Nach Hausdurchsuchung

24-Jähriger aus Königsbronn wegen kinderpornographischen Materials verurteilt

Ein 24-Jähriger aus Königsbronn musste sich vor dem Amtsgericht Heidenheim wegen Besitzes und Verbreitung kinderpornographischen Materials verantworten. Im Vorfeld war das Elternhaus des Angeklagten durchsucht worden.

24-Jähriger aus Königsbronn wegen kinderpornographischen Materials verurteilt

Im Zweifel für den Angeklagten. So heißt es oftmals bei Urteilsverkündungen vor Gericht. Was aber, wenn Zweifel an den Zweifeln bestehen? Am Heidenheimer Amtsgericht sah sich damit kürzlich ein 24-Jähriger aus Königsbronn konfrontiert. Ihm wurde vorgeworfen, im Mai 2022 in drei Fällen kinder- beziehungsweise jugendpornographische Daten versendet zu haben. Bei einer Hausdurchsuchung im Oktober 2022 wurden zudem mehrere hundert Bilder und Videos kinderpornographischer Natur auf seinem Laptop gefunden.

Hinweise auf die versendeten Dateien erhielten die Ermittler in diesem Fall über die US-amerikanische Organisation National Center for Missing & Exploited Children (NCMEC), woraufhin besagte Durchsuchung erfolgte. Vor dem Schöffengericht in Heidenheim wies der Angeklagte sämtliche Anschuldigungen zurück: Der Instagram-Account mit dem Aliasnamen „Melissa“, über den das kinderpornographische Material verschickt worden war, konnte zwar der Rufnummer des 24-Jährigen zugeordnet werden, von dem Account selbst wollte der aber nichts gewusst haben. Wie das Material, das sich auf dem beschlagnahmten Laptop befand, dort hingelangt ist, konnte er sich ebenfalls nicht erklären. Die Frage des vorsitzenden Richters Rainer Feil, ob der Königsbronner pädophile Neigungen verspüre, verneinte dieser.

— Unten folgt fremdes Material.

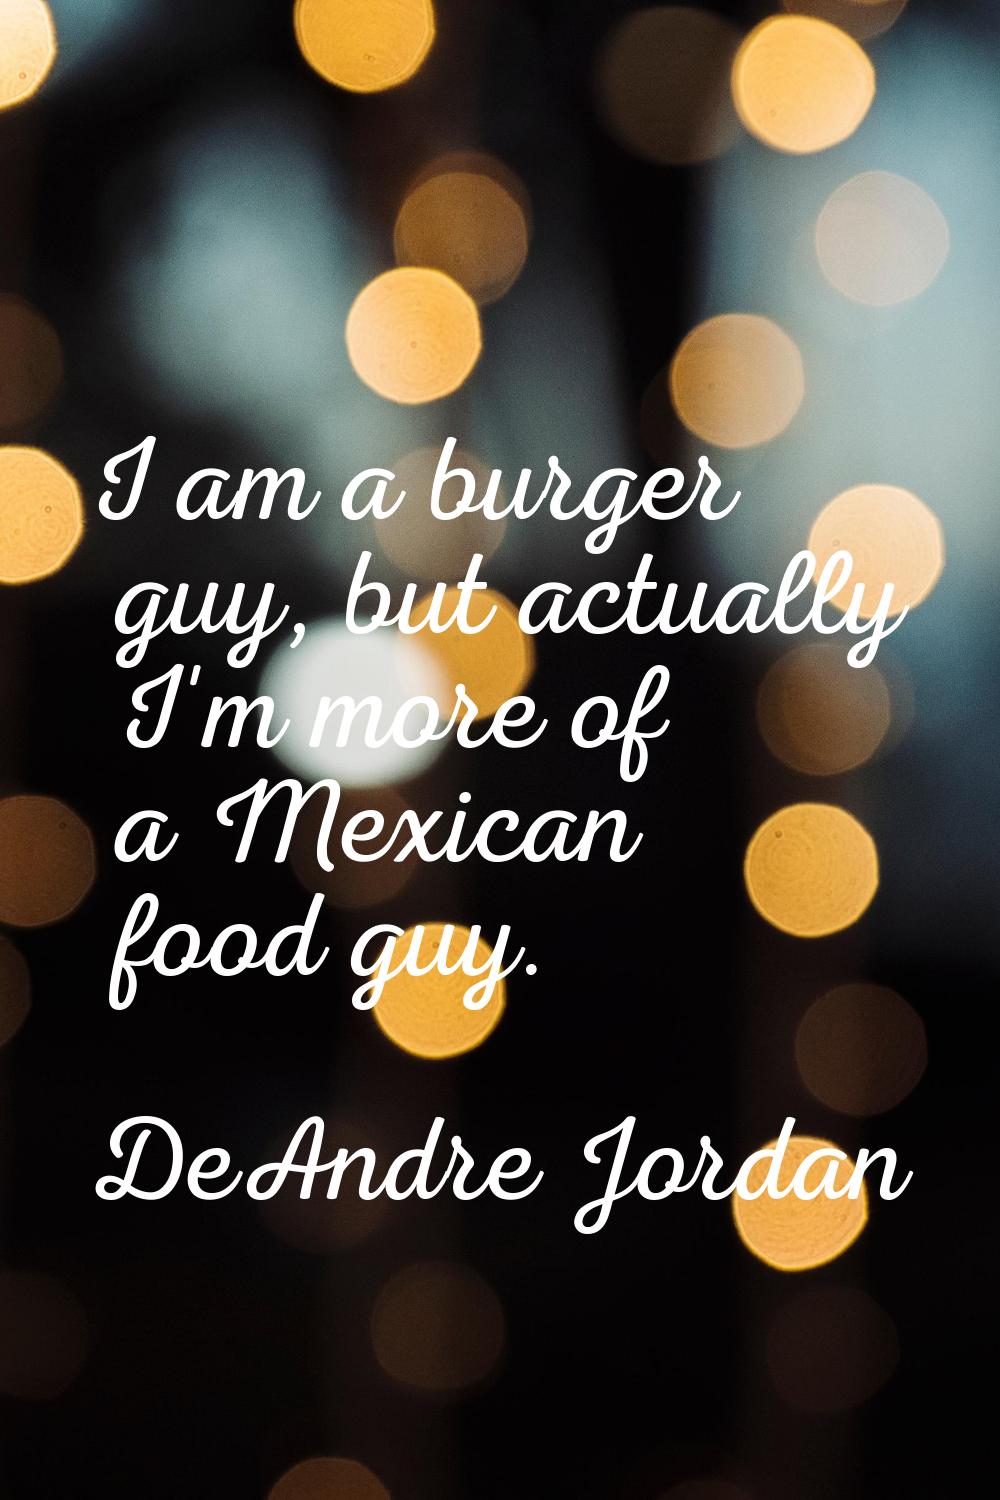 I am a burger guy, but actually I'm more of a Mexican food guy.
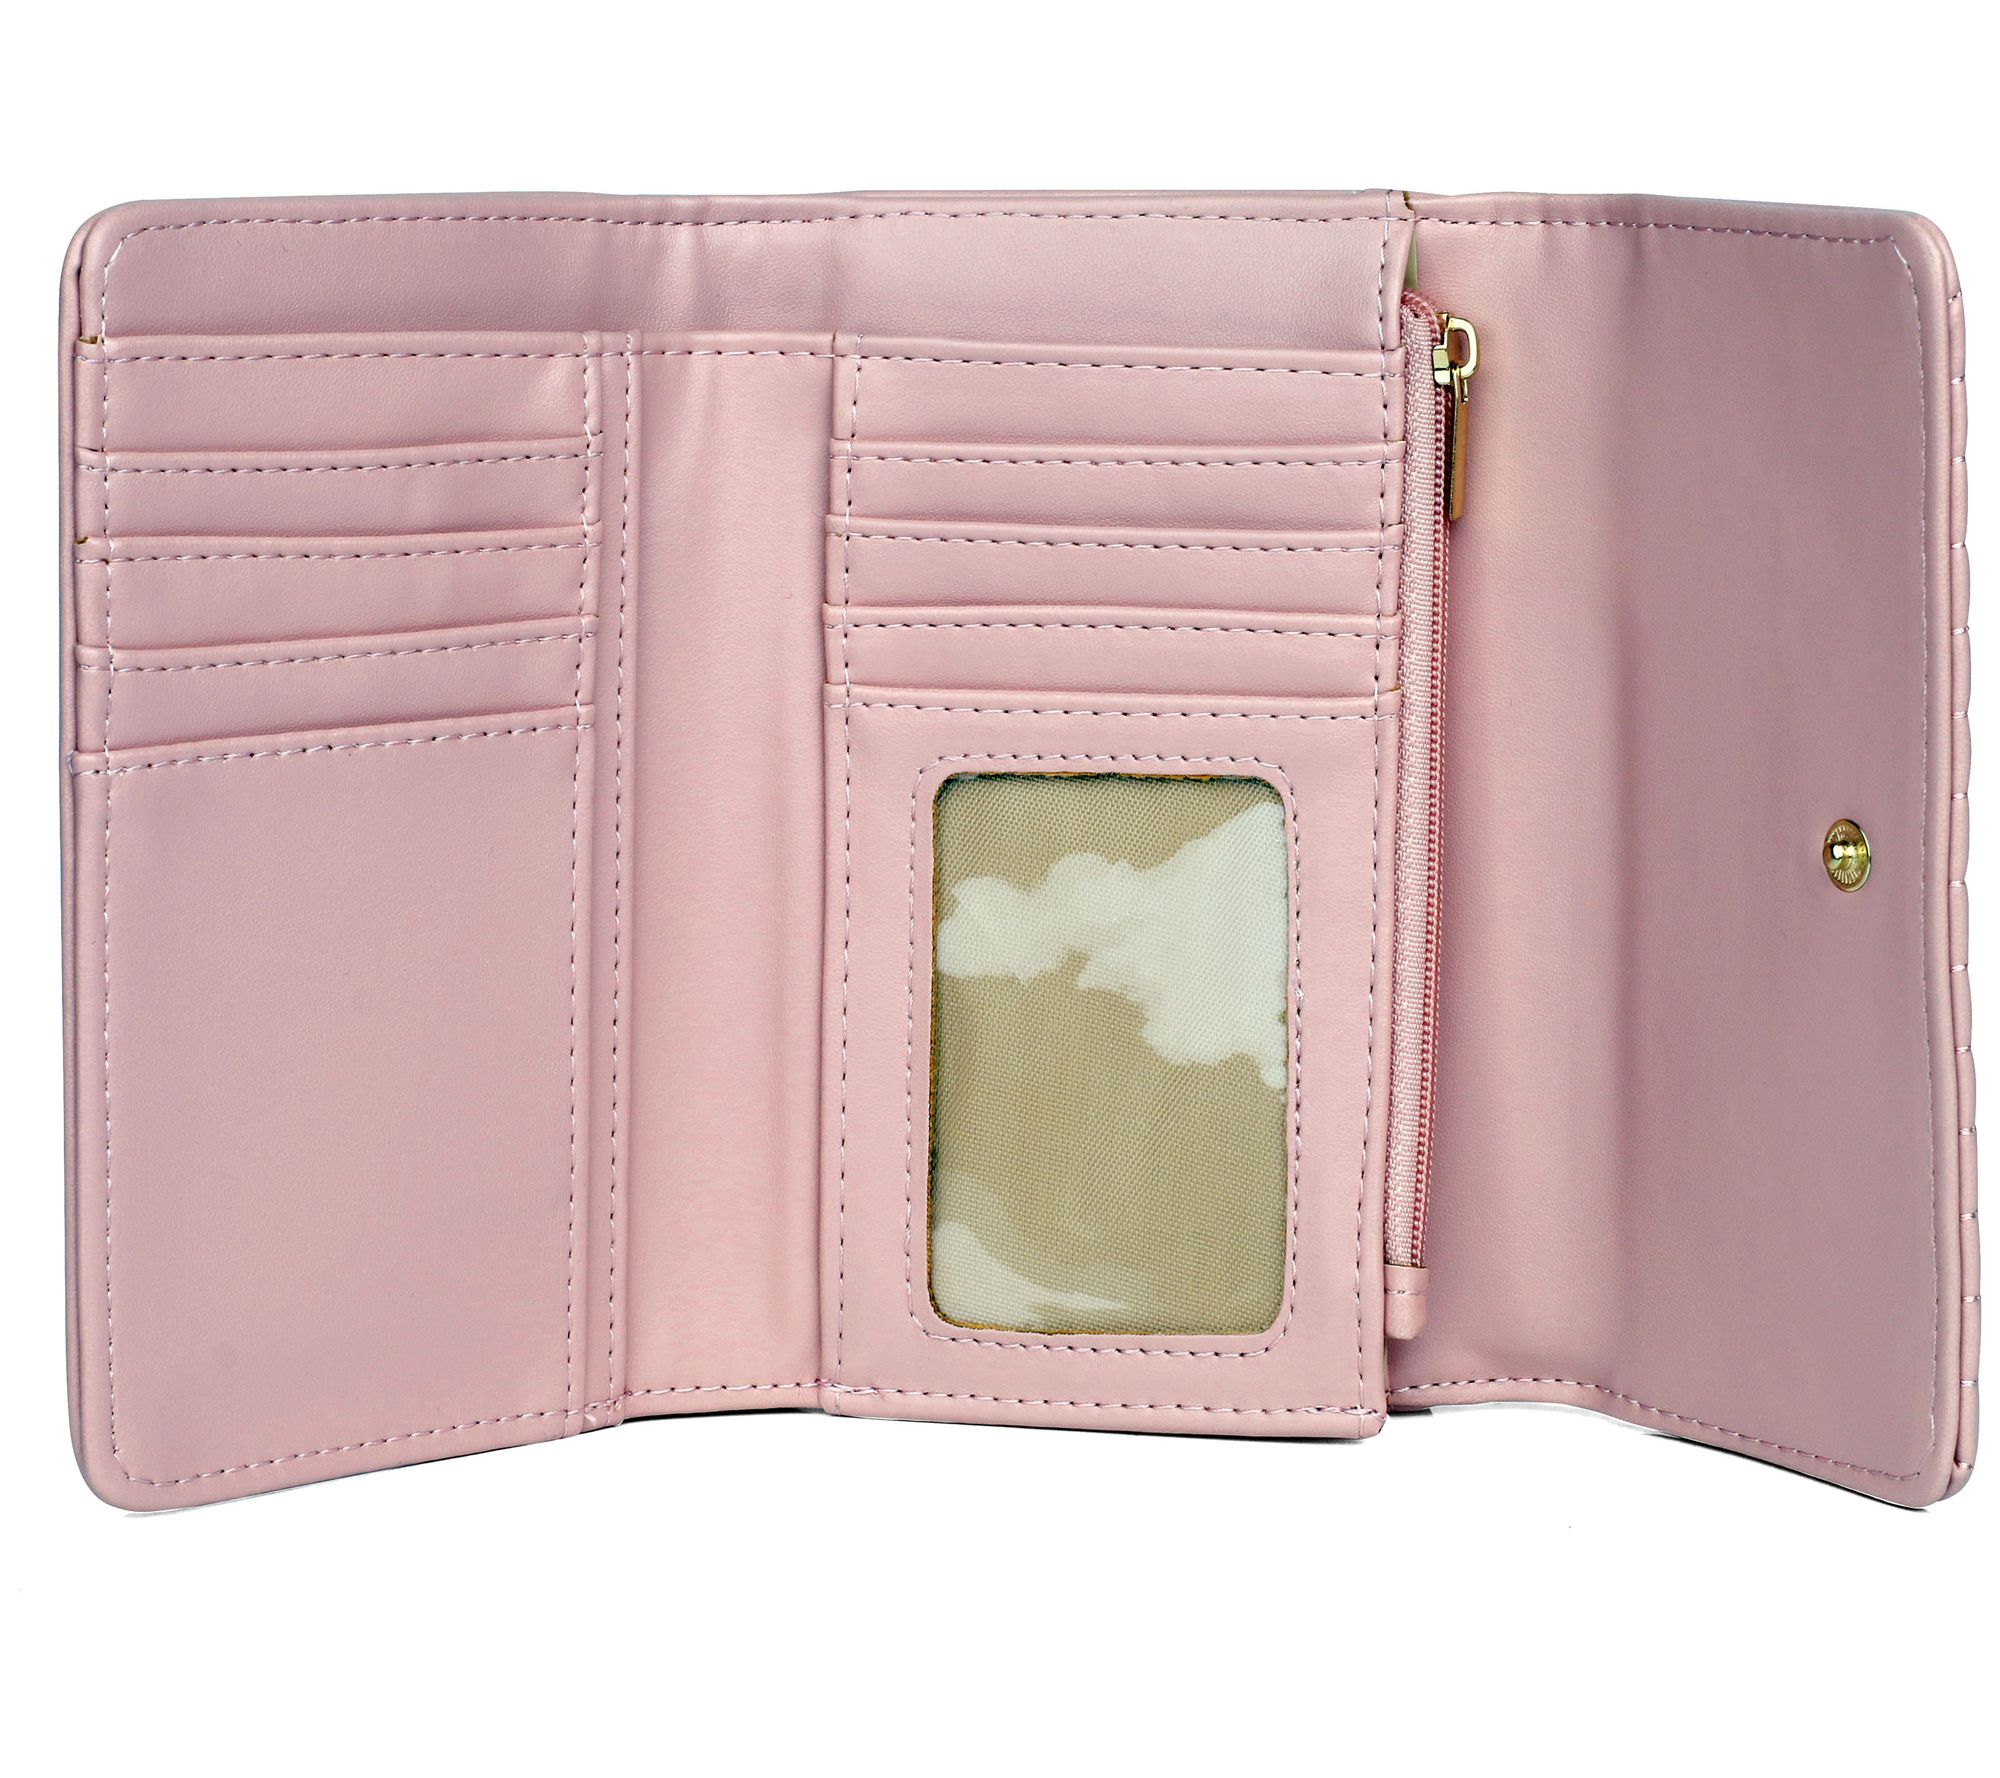 Julia Buxton Channel Quilted Vegan Leather Midized Tri-fold - QVC.com

Technische Fragen werfen Zweifel an Schuld auf

Für den Angeklagten sprach, dass das inkriminierende Material sich nur noch im Papierkorb des Laptops befand. Der Haken an der Sache: Zwischenzeitlich wurde ein neues Betriebssystem auf das Gerät geladen, seither besteht für gewöhnliche Nutzer kein Zugriff mehr auf den Papierkorb. Wann genau dieses Update eingespielt wurde, lässt sich laut einem Mitarbeiter des Ulmer Polizeipräsidiums, der das Gerät gesichert hat und vor dem Amtsgericht als Zeuge aussagte, nicht mehr genau bestimmen. Somit sei unklar, ob der Angeklagte die Daten selbst abgespeichert hat beziehungsweise jemals Zugriff darauf hatte.

Gegen den 24-Jährigen sprach dessen Verhalten bei der Hausdurchsuchung. Wie ein Kriminalhauptkommissar sowie eine Hauptkommissarin des Heidenheimer Reviers vor Gericht aussagten, hat sich die Durchsuchung im Oktober vergangenen Jahres zunächst sowohl gegen den Angeklagten als auch dessen Vater gerichtet. Die beiden leben im selben Haus; kinderpornographische Daten wurden laut den Ermittlern sowohl über die Mobilfunknummer des Angeklagten als auch über das familiäre W-Lan versendet.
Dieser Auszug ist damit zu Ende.